* **AIM OF THE TASK**
Would you please repeat all of the data exactly, omitting the pictures?

* **GIVEN DATA**
============================================================
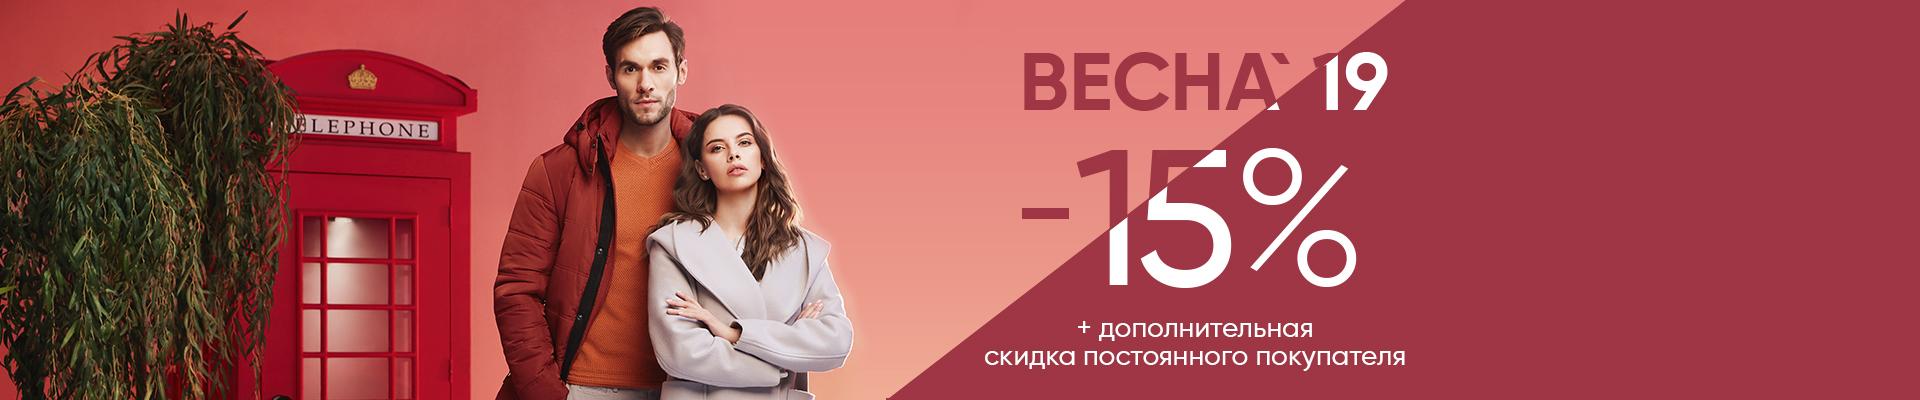 Baon - каталог 2018-2019 в интернет магазине WildBerries.ru 01baae83fbc
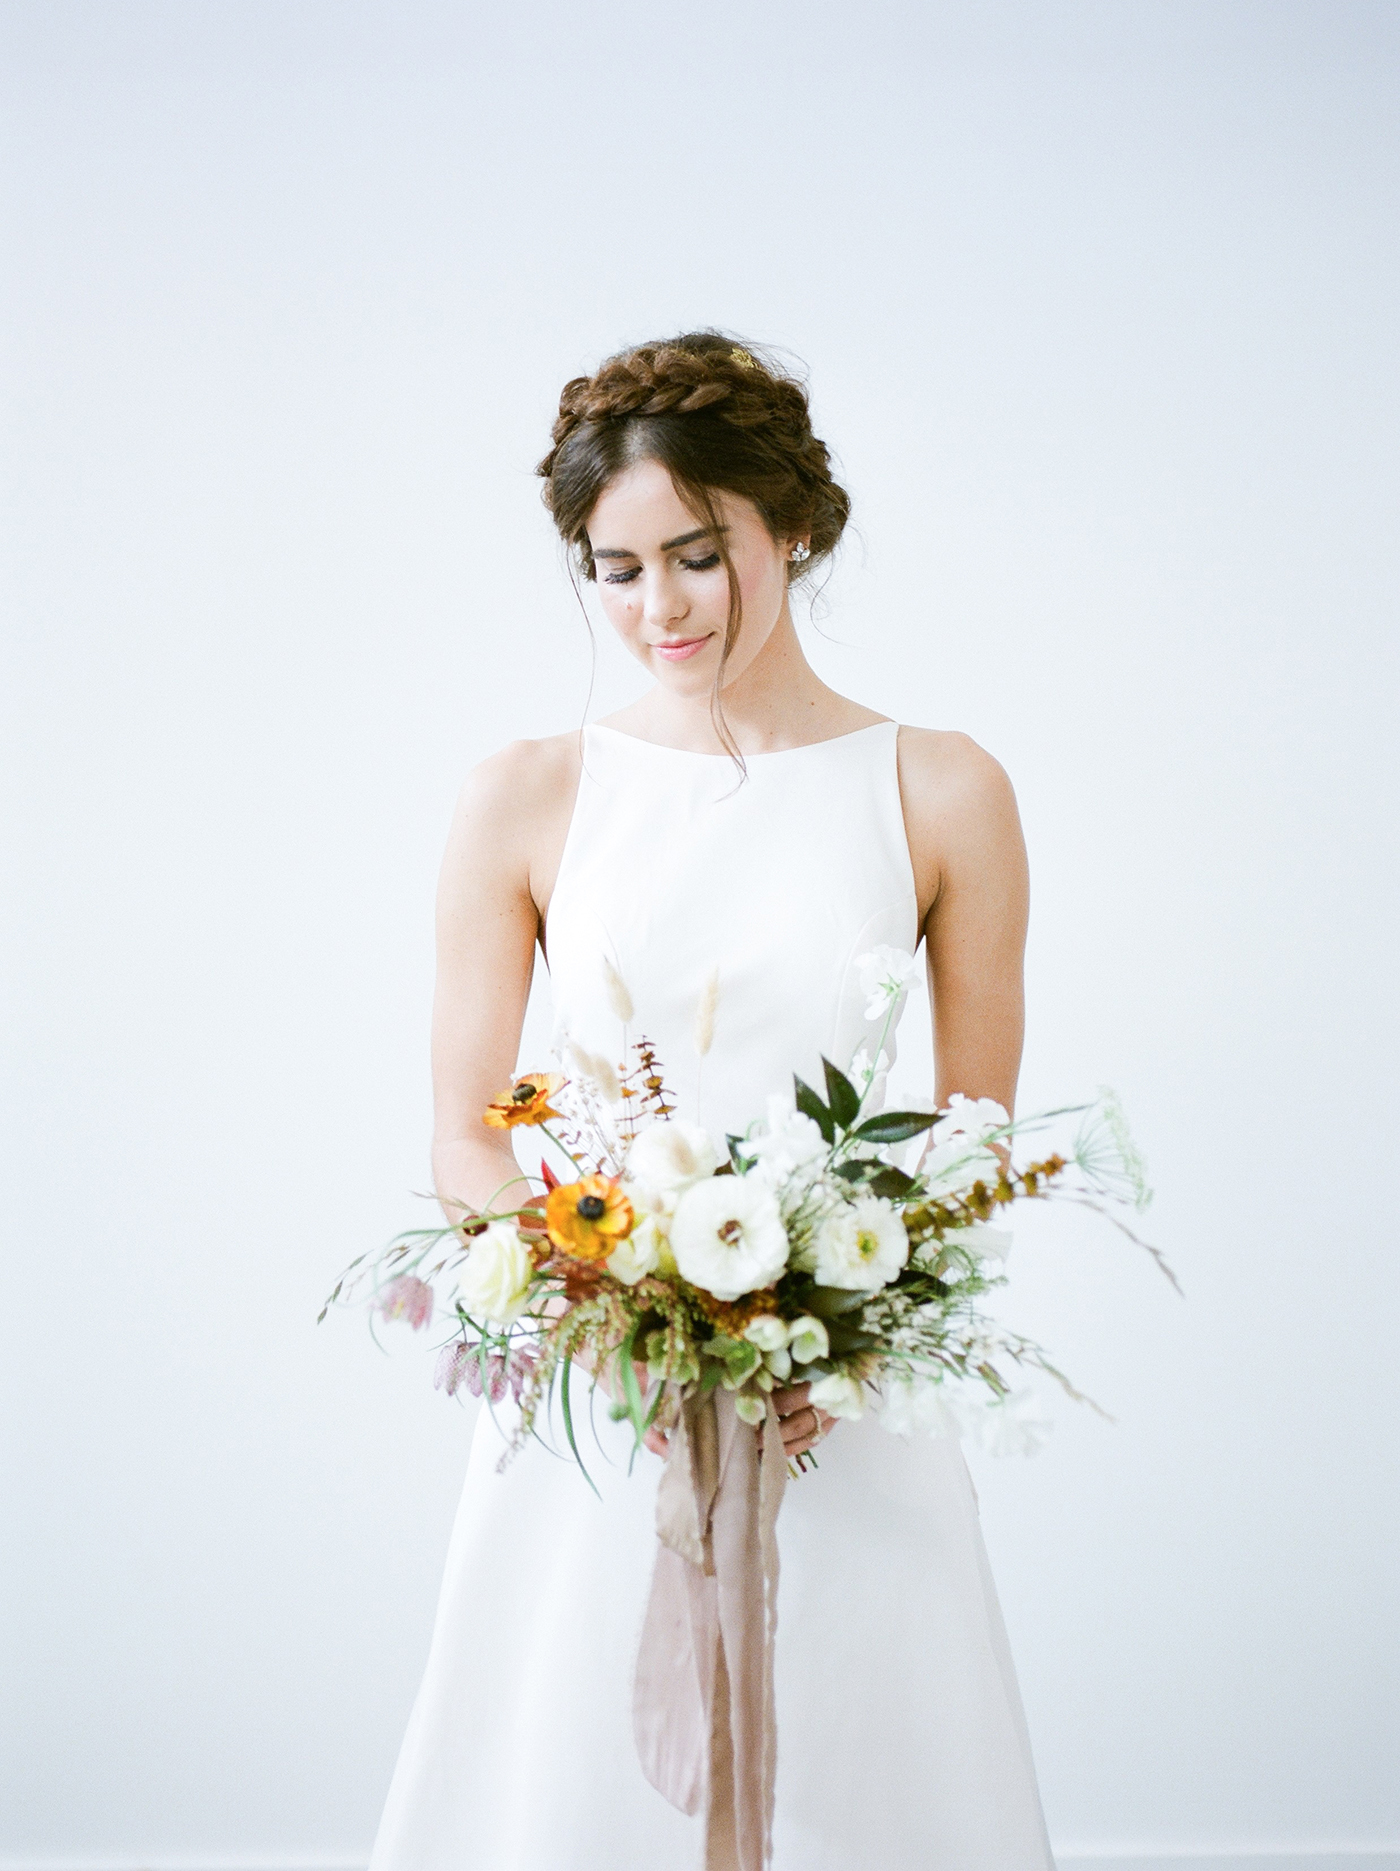 Wedding Floral Design Dallas - Olive Grove Design - Mimimalist Fall Wedding - 00059.jpg
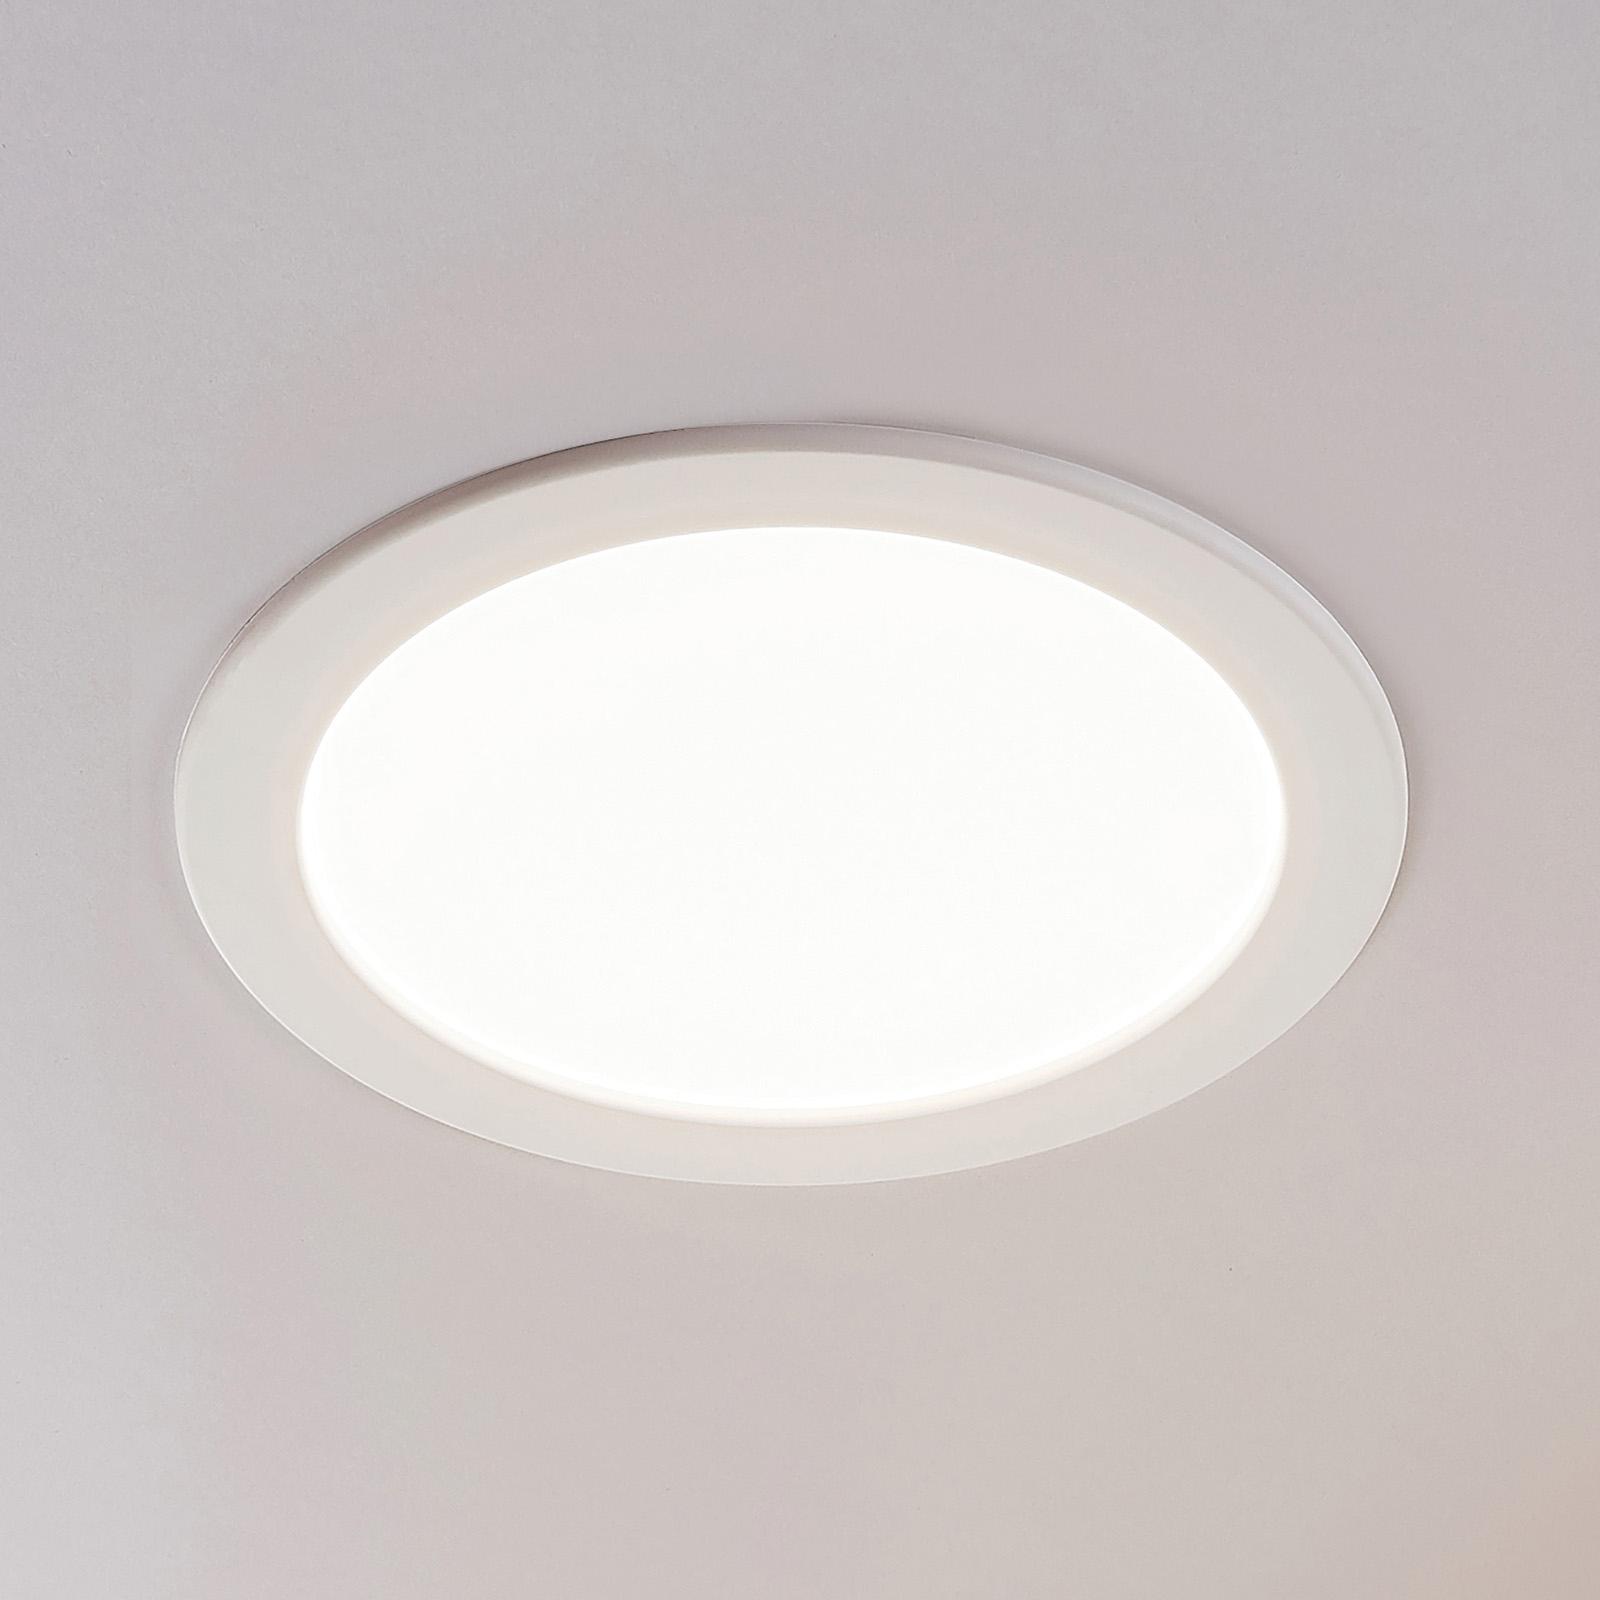 Spot encastré LED Joki blanc 3000K rond 24cm
============================================================
* **OUTPUT FOR THIS TASK**
 Baon - каталог 2018-2019 в интернет магазине WildBerries.ru 01baae83fbc
 Wedding Floral Design Dallas - Olive Grove Design - Mimimalist Fall Wedding - 00059.jpg
 Spot encastré LED Joki blanc 3000K rond 24cm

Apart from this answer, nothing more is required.